▶ SUPPLIED INFORMATION:
--- START ---

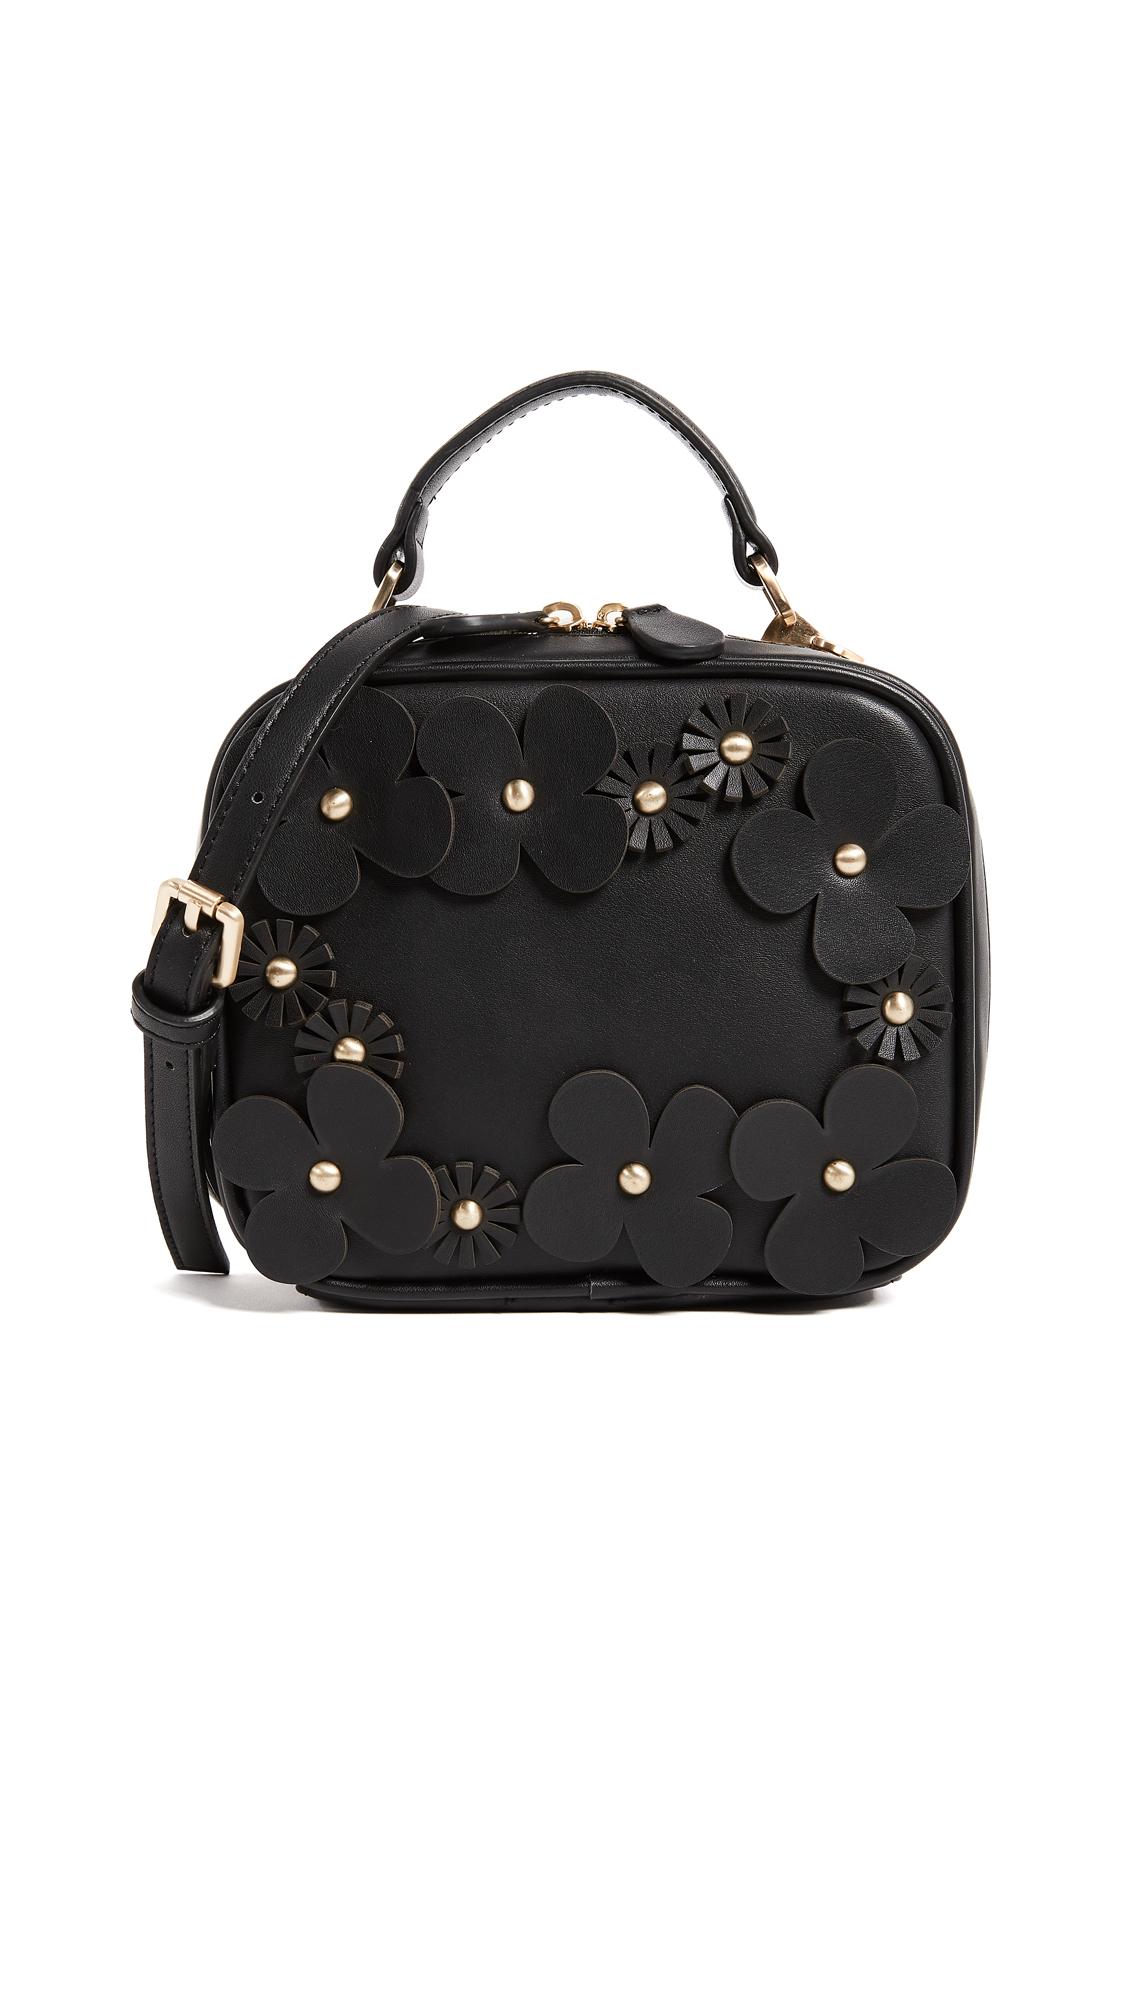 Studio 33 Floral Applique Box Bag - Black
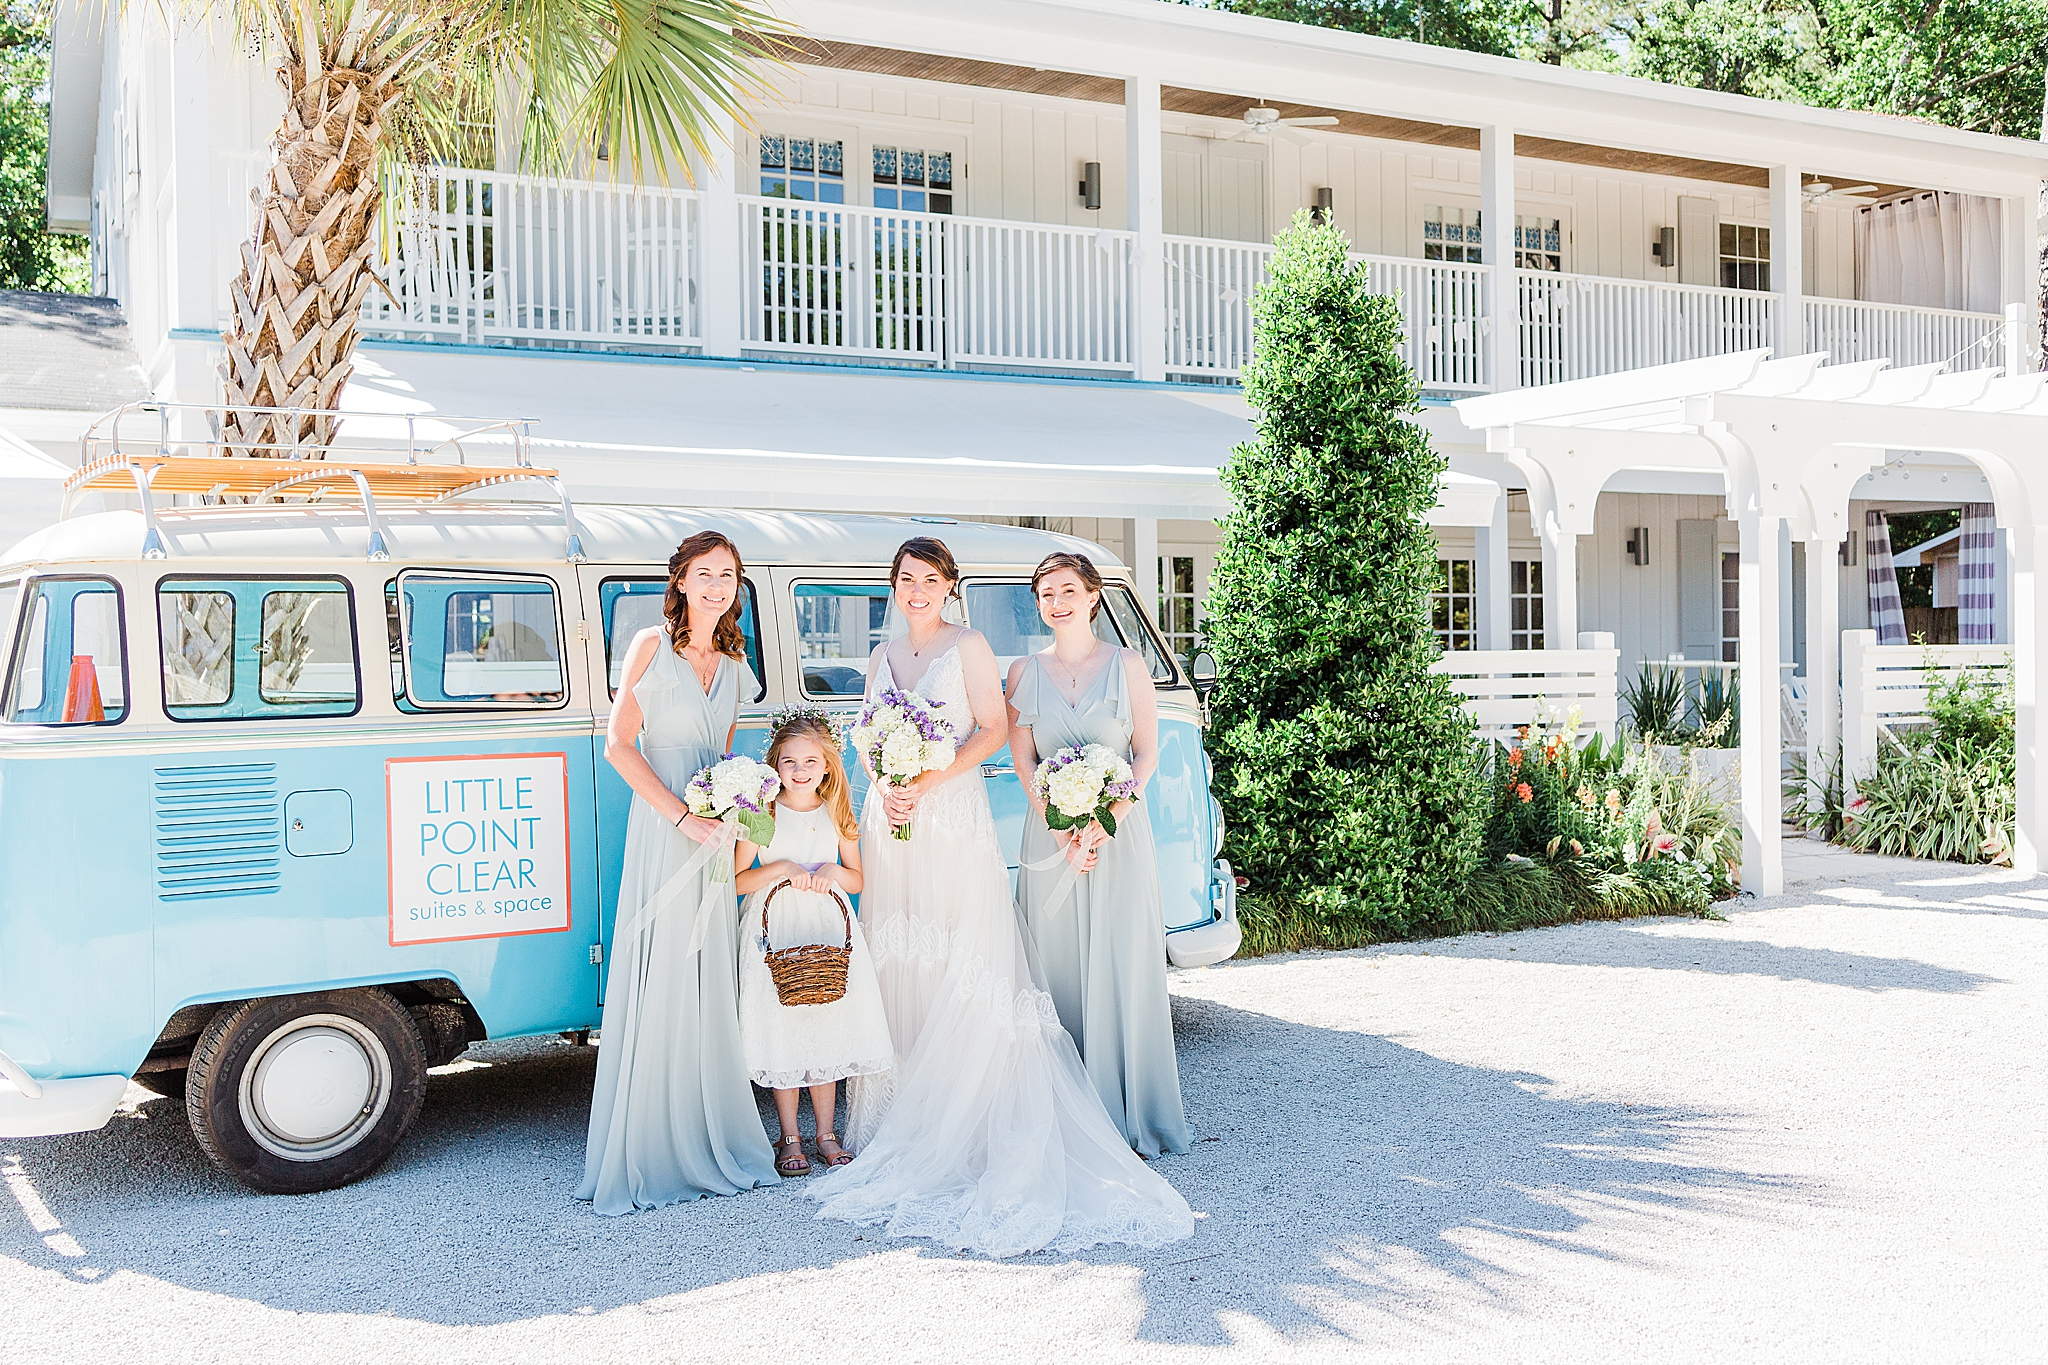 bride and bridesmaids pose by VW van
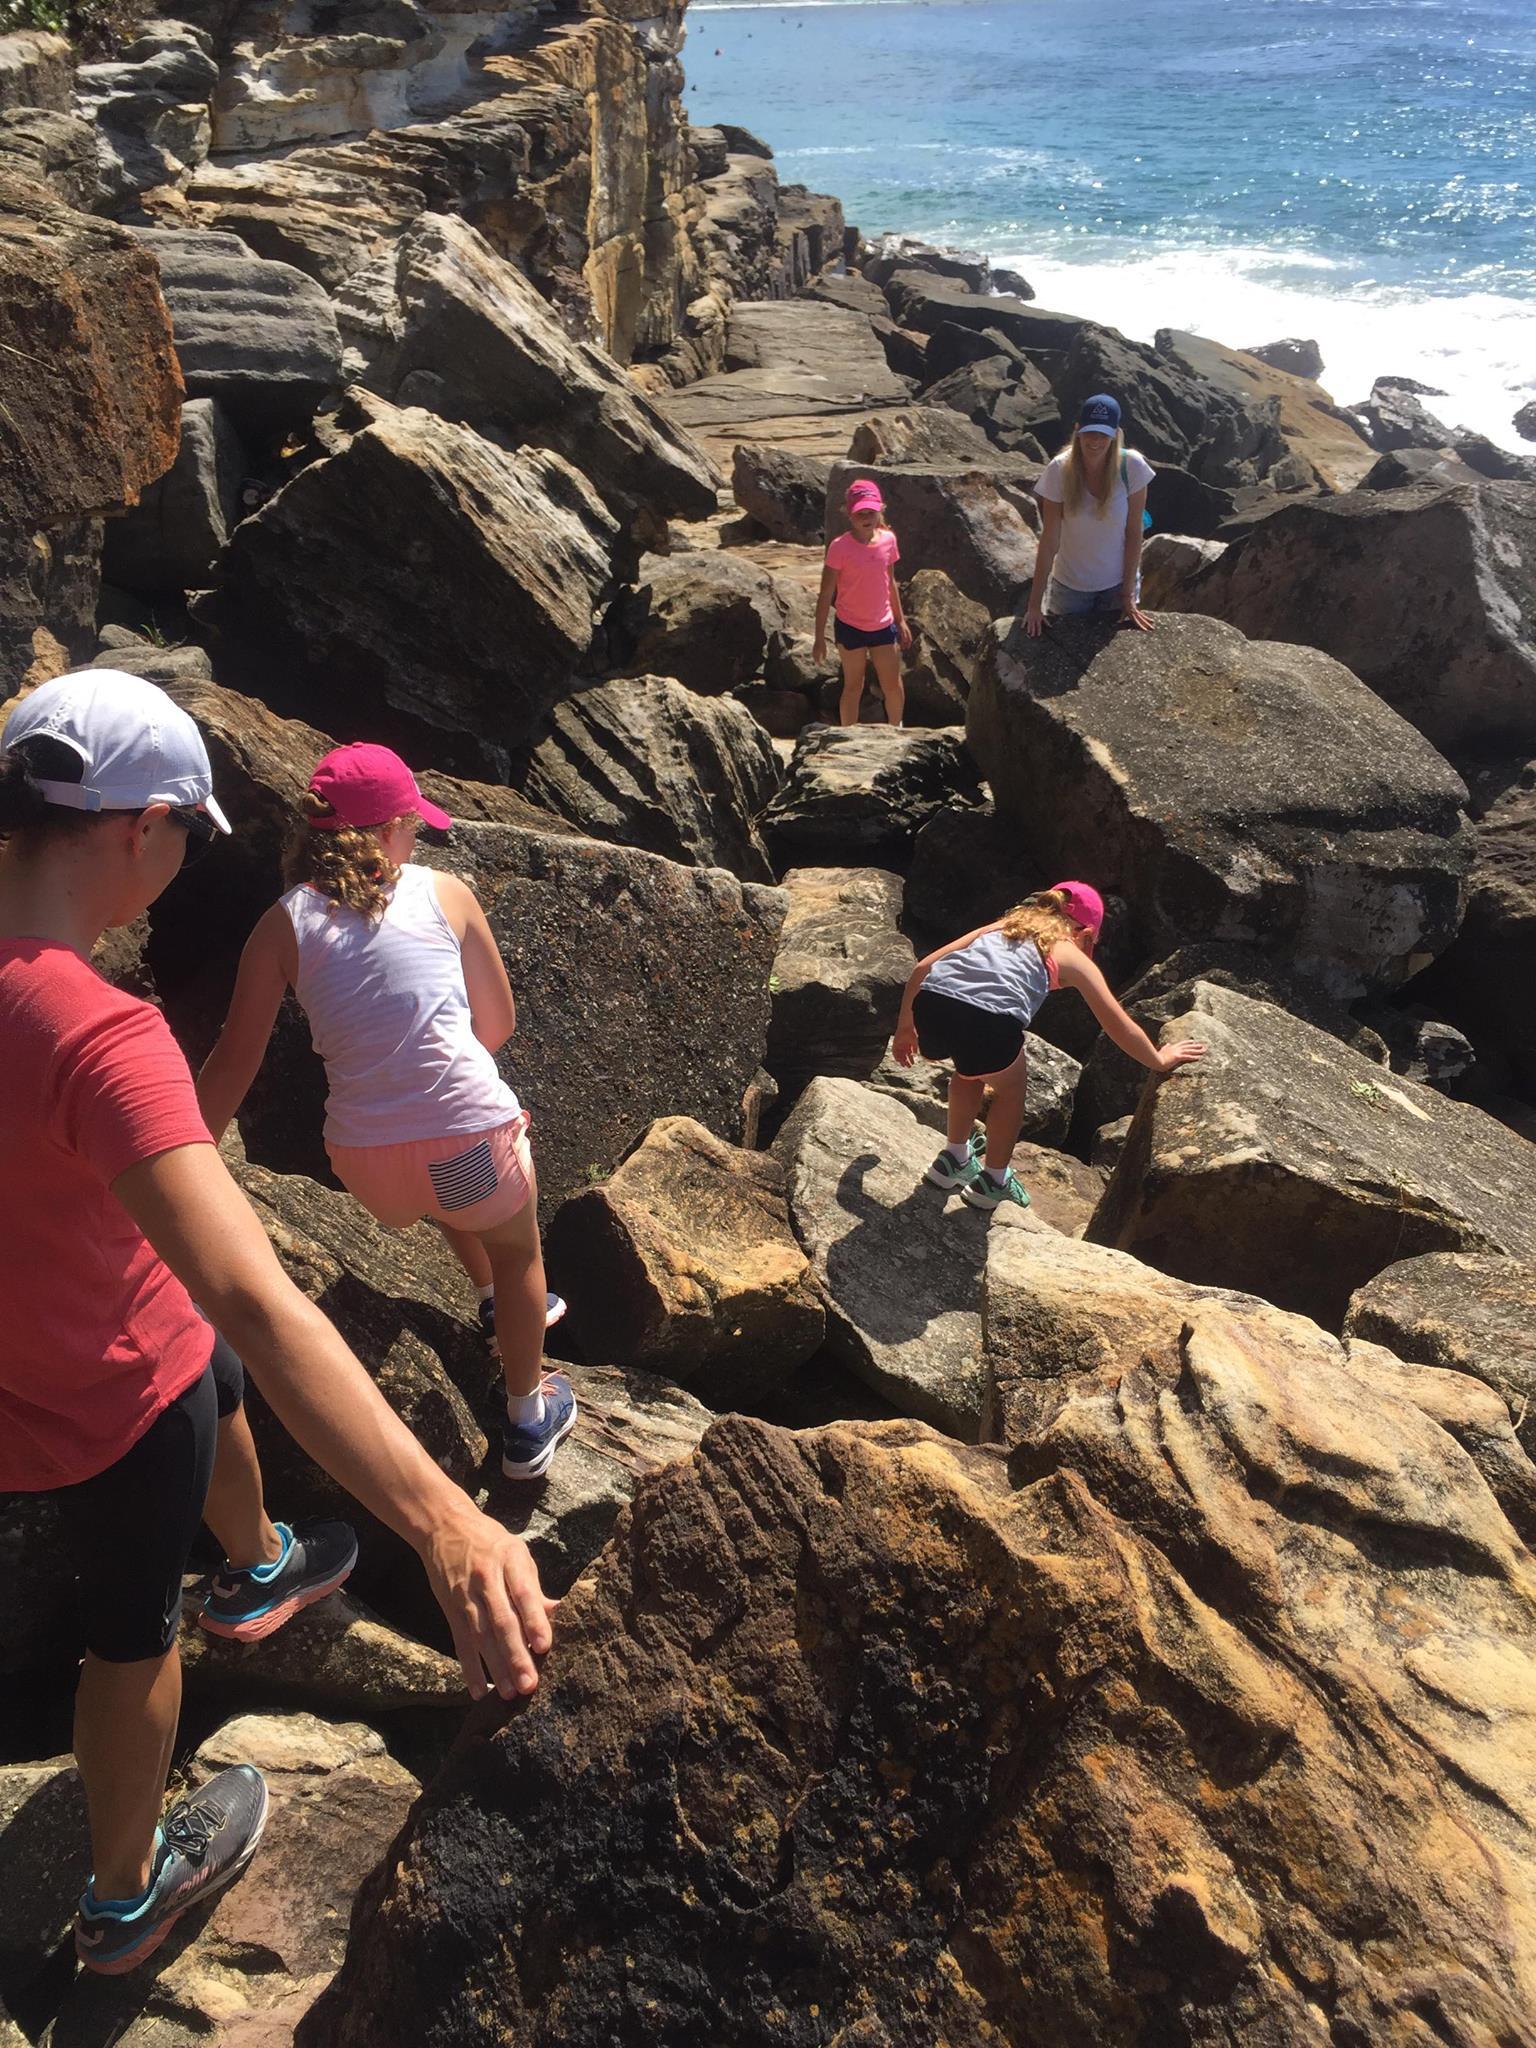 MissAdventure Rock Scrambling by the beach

--- END ---

I would like you to set down the lines above, from the one containing "bride and bridesmaids pose by VW van" to the final line, exactly as written and without pictures.

▶ OUTPUT:
 bride and bridesmaids pose by VW van
 MissAdventure Rock Scrambling by the beach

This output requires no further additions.